Gleichwohl misstraut er dem Firmenchef von Roxxon. Aber da er Gutes tun will, lässt er sich auf das Abenteuer ein und startet die Rettungsmission. Die entführt uns in besagte Fantasy-Welt. So etwas ist gerade mächtig angesagt im Hause Marvel. Wir erinnern uns an dieser Stelle an die „Champions #2“ und „Deadpool“. Fantasy soll bekanntlich bei Nerds gut ankommen und von daher ist es sicherlich nicht verkehrt das Genre anzugehen. Ich für meinen Teil habe aber genug davon.

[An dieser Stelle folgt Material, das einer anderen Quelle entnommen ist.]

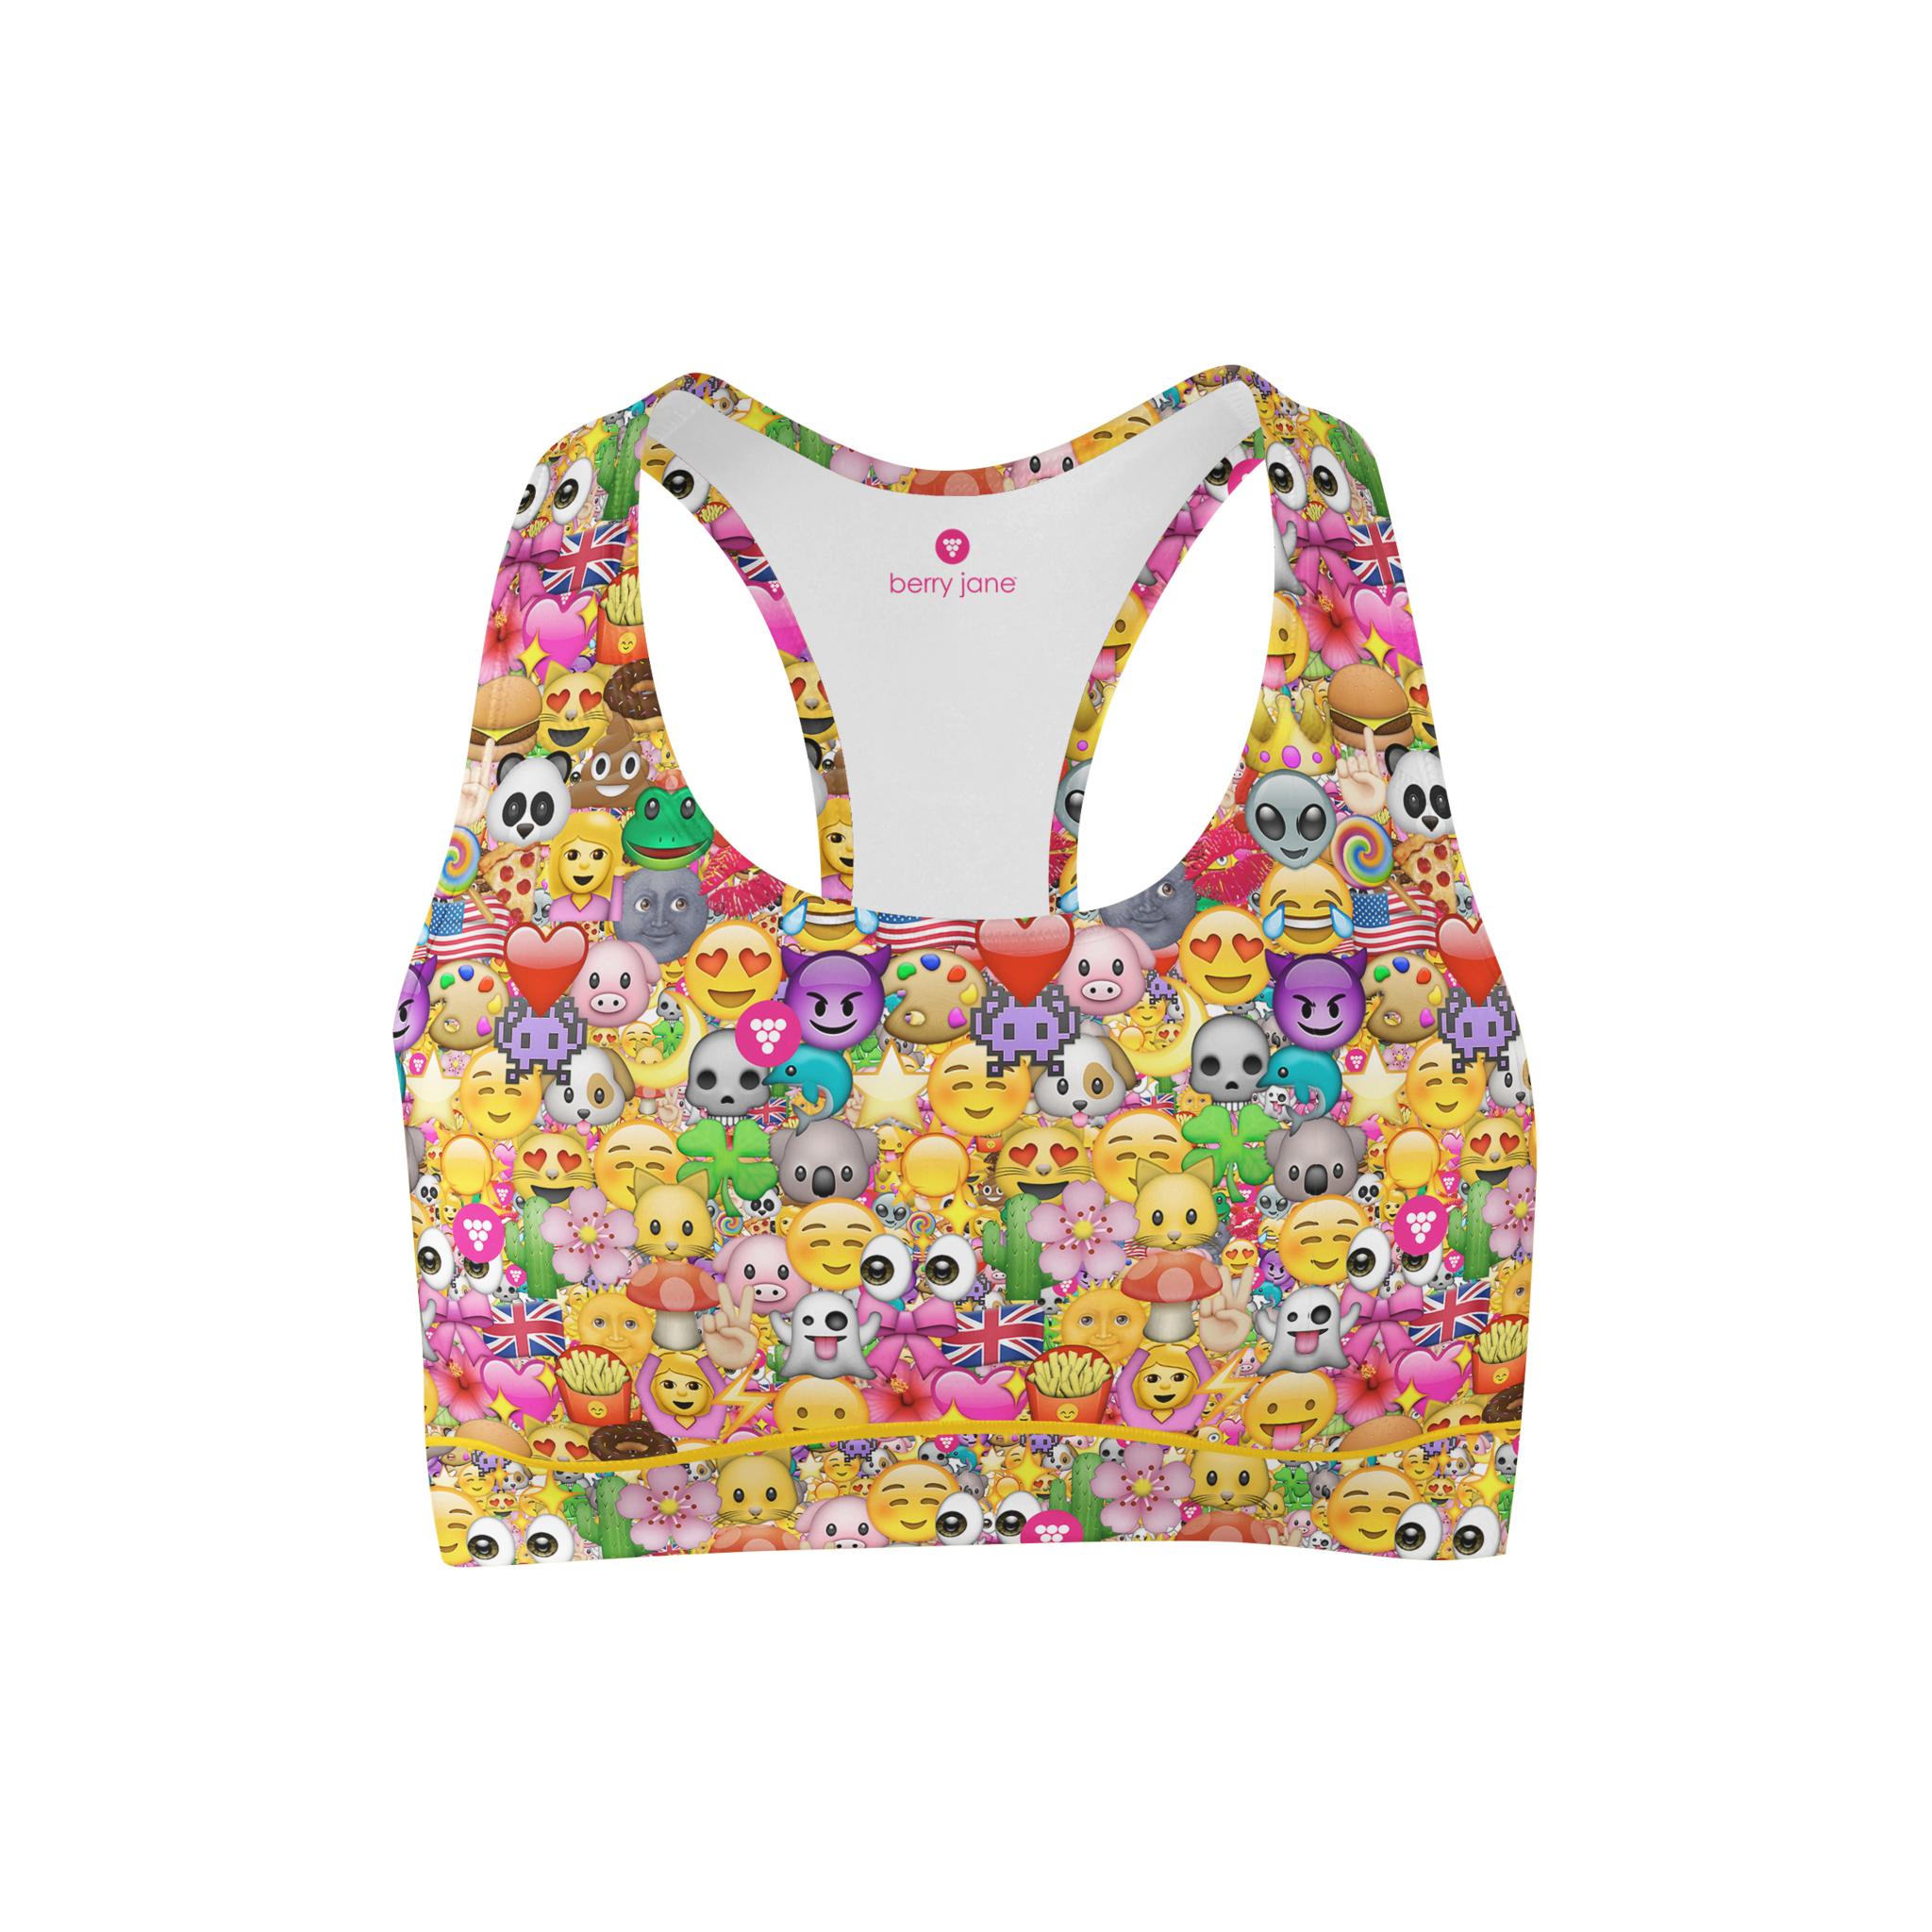 8f8f352c829b4 Emojis printed sports bra emoji pinterest bra emoji png 2048x2048 Emoji bra

Auf den Leser warten aber noch ein, zwei, drei Wendungen, die für Abwechslung sorgen. Zumindest schlagen sie in eine andere Kerbe und geben der Handlung noch ein wenig Feuer. Der Humor kommt auch nicht zu kurz und eine Hexe von „der anderen Seite“ hat mir daher besonders gut gefallen. Ein kleines Biest, welches aber immer wieder tolle Momente hatte. Super Figur!
Die Zeichnungen sind dynamisch ansprechend, weisen einen kraftvollen Strich aus, sodass die Monster in actionlastigen Kämpfen gut zur Show gestellt werden. Für einen Superheldencomic durchaus sehr ansprechend!
Fazit Die vorzeitige Finalausgabe von „Waffe H“ ist immer noch eine gute Geschichte, wohlgleich der erste Sammelband von Panini besser war.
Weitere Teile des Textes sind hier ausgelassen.